Appropriate Deities for Ostara include all Youthful and Virile Gods and Goddesses, Sun Gods, Mother Goddesses, Love Goddesses, Moon Gods and Goddesses, and all Fertility Deities. Some Ostara Deities to mention by name here include Persephone, Blodeuwedd, Eostre, Aphrodite, Athena, Cybele, Gaia, Hera, Isis, Ishtar, Minerva, Venus, Robin of the Woods, the Green Man, Cernunnos, Lord of the Greenwood, The Dagda, Attis, The Great Horned God, Mithras, Odin, Thoth, Osiris, and Pan.
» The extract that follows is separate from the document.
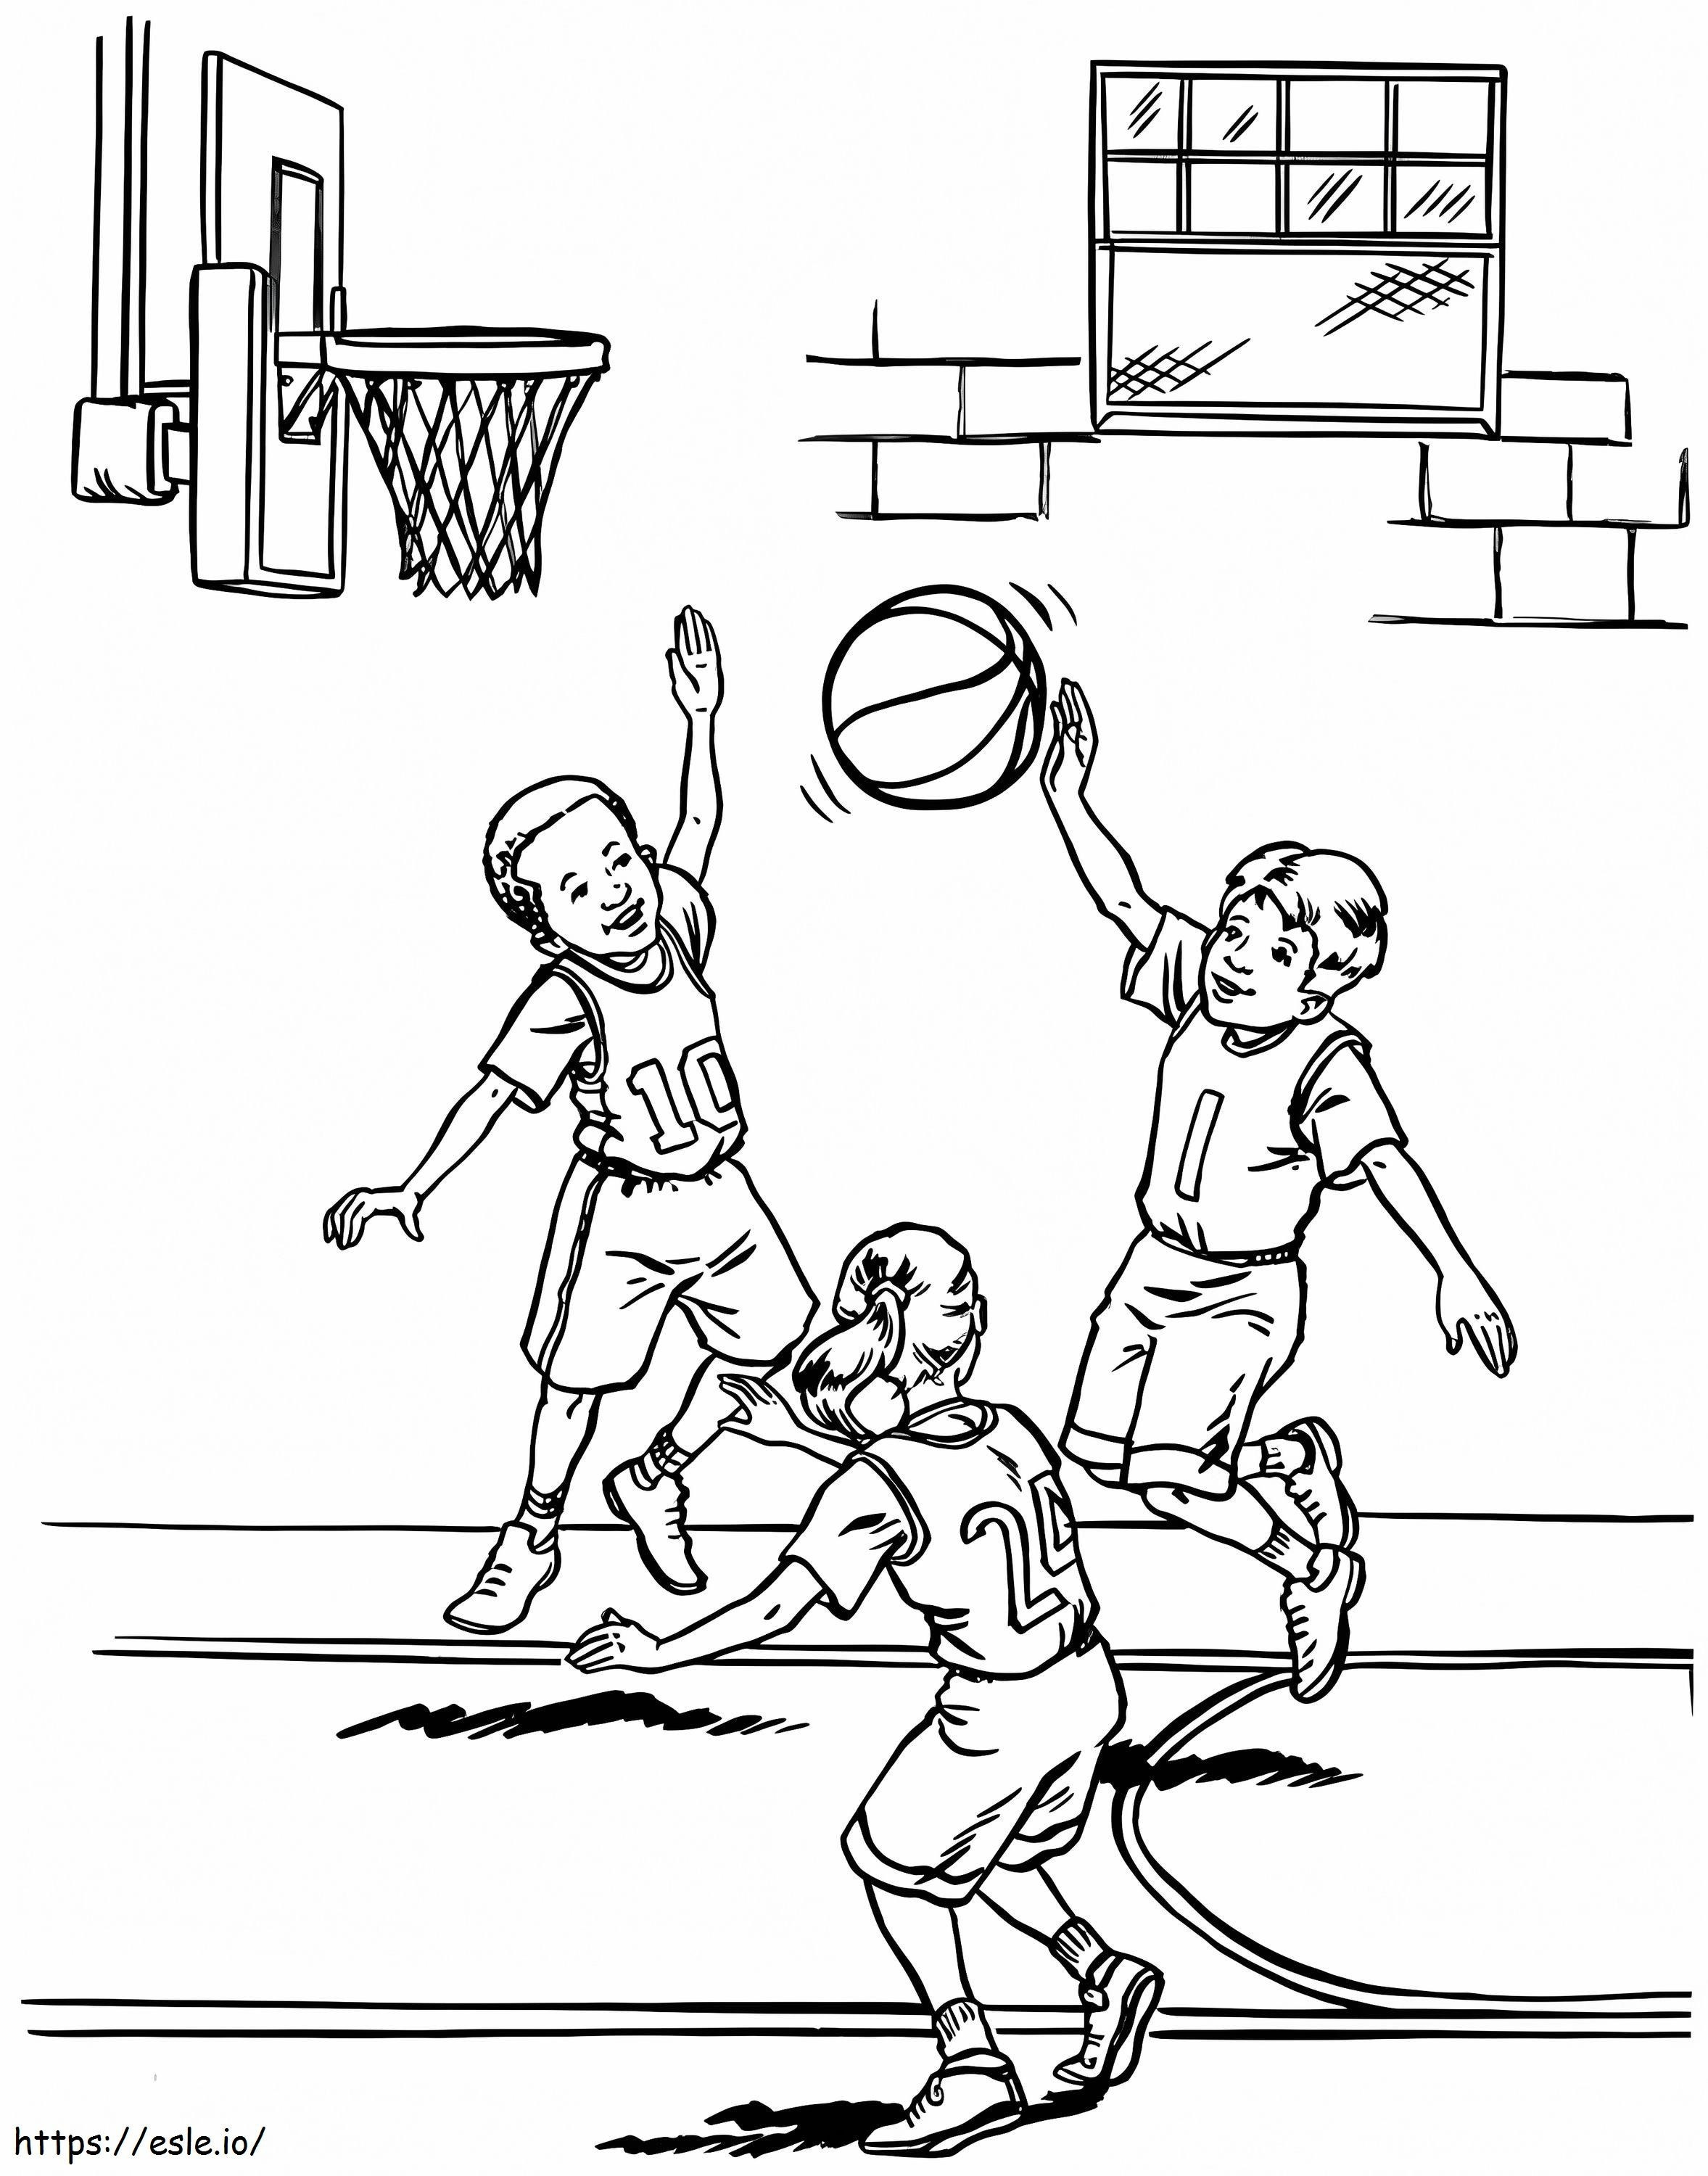 Üç Çocuk Basketbol Oynuyor boyama

Key actions to keep in mind during this time in the Wheel of the Year include openings and new beginnings. Spellwork for improving communication and group interaction are recommended, as well as fertility and abundance. Ostara is a good time to start putting those plans and preparations you made at Imbolc into action. Start working towards physically manifesting your plans now. The most common colors associated with Ostara are lemon yellow, pale green and pale pink. However, also appropriate colors include grass green, all pastels, Robin’s egg blue, violet, and white. Stones to use during the Ostara celebration include aquamarine, rose quartz, and moonstone. Animals associated with Ostara are rabbits and snakes. Mythical beasts associated with Ostara include unicorns, merpeople, and pegasus. Plants and herbs associated with Ostara are crocus flowers, daffodils, jasmine, Irish moss, snowdrops, and ginger. For Ostara incense, you could make a blend from any of the following scents or simply choose one… jasmine, frankincense, myrrh, dragon’s blood, cinnamon, nutmeg, aloes wood, benzoin, musk, African violet, sage, strawberry, lotus, violet flowers, orange peel, or rose petals.
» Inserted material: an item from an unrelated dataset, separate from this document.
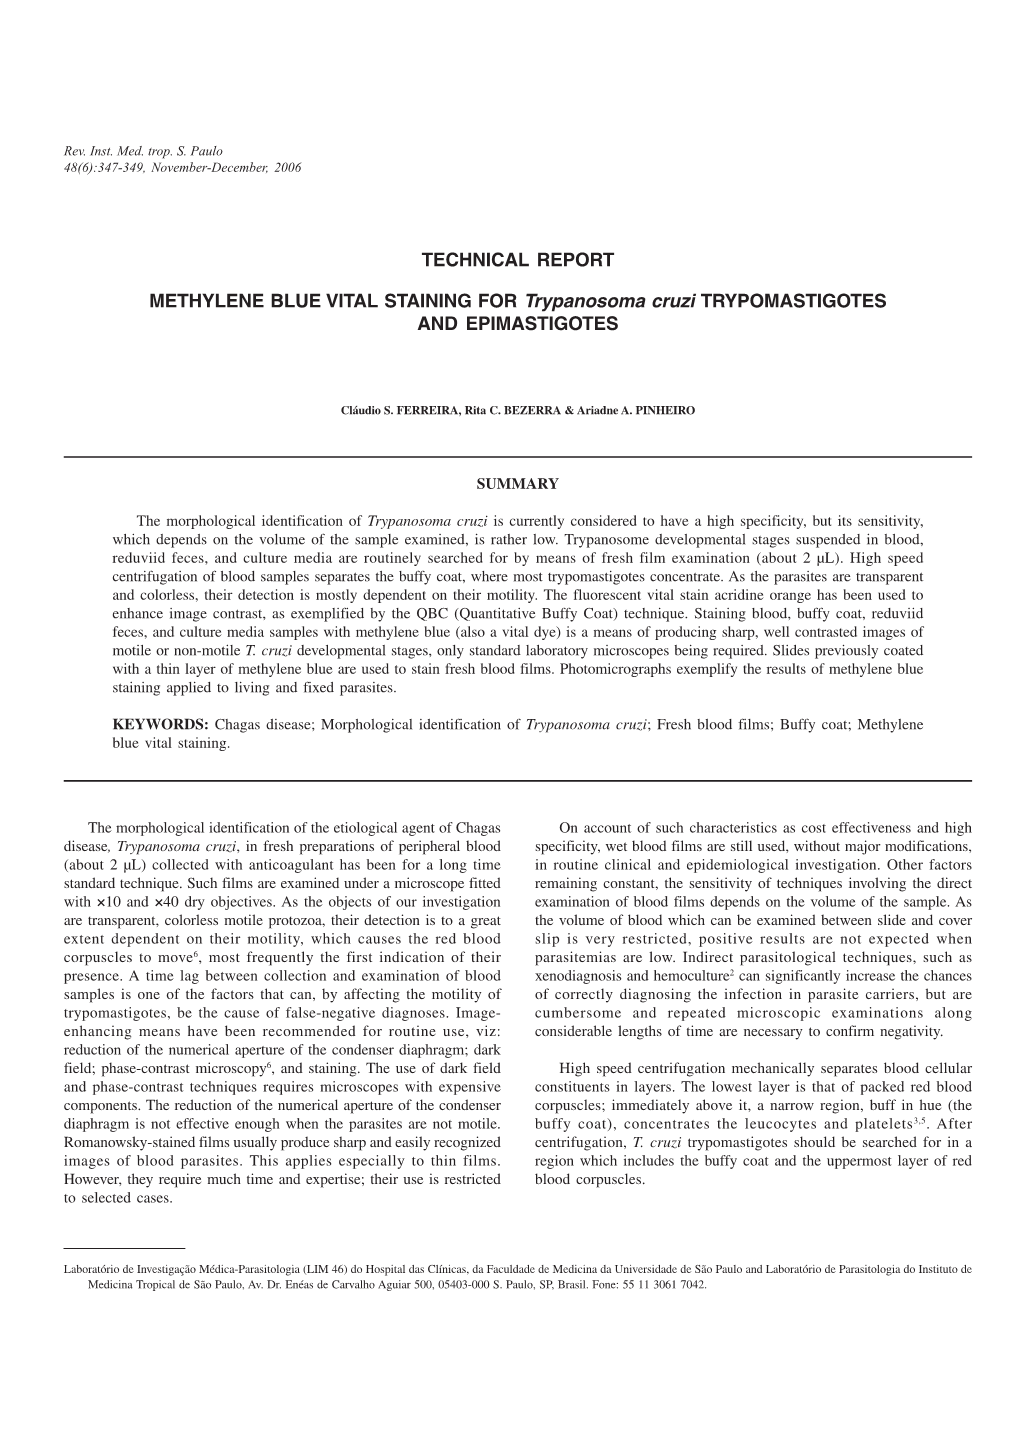 Technical Report Methylene Blue Vital Staining

Foods in tune with this day (linking your meals with the seasons is a fine way of attuning with Nature) include eggs, egg salad, hard-boiled eggs, honey cakes, first fruits of the season, fish, cakes, biscuits, cheeses, honey and ham. You may also include foods made of seeds, such as sunflower, pumpkin and sesame seeds, as well as pine nuts. Sprouts are equally appropriate, as are leafy, green vegetables. From Scott Cunningham: flower dishes such as stuffed nasturtiums or carnation cupcakes also find their place here. (Find a book of flower cooking or simply make spice cupcakes. Ice with pink frosting and place a fresh carnation petal on each cupcake. Stuff nasturtium blossoms with a mixture made of cream cheese, chopped nuts, chives and watercress.) Appropriate Ostara meat dishes should contain fish or ham.
May the Lord and Lady bless you all with fertility, abundance, success, and all things new!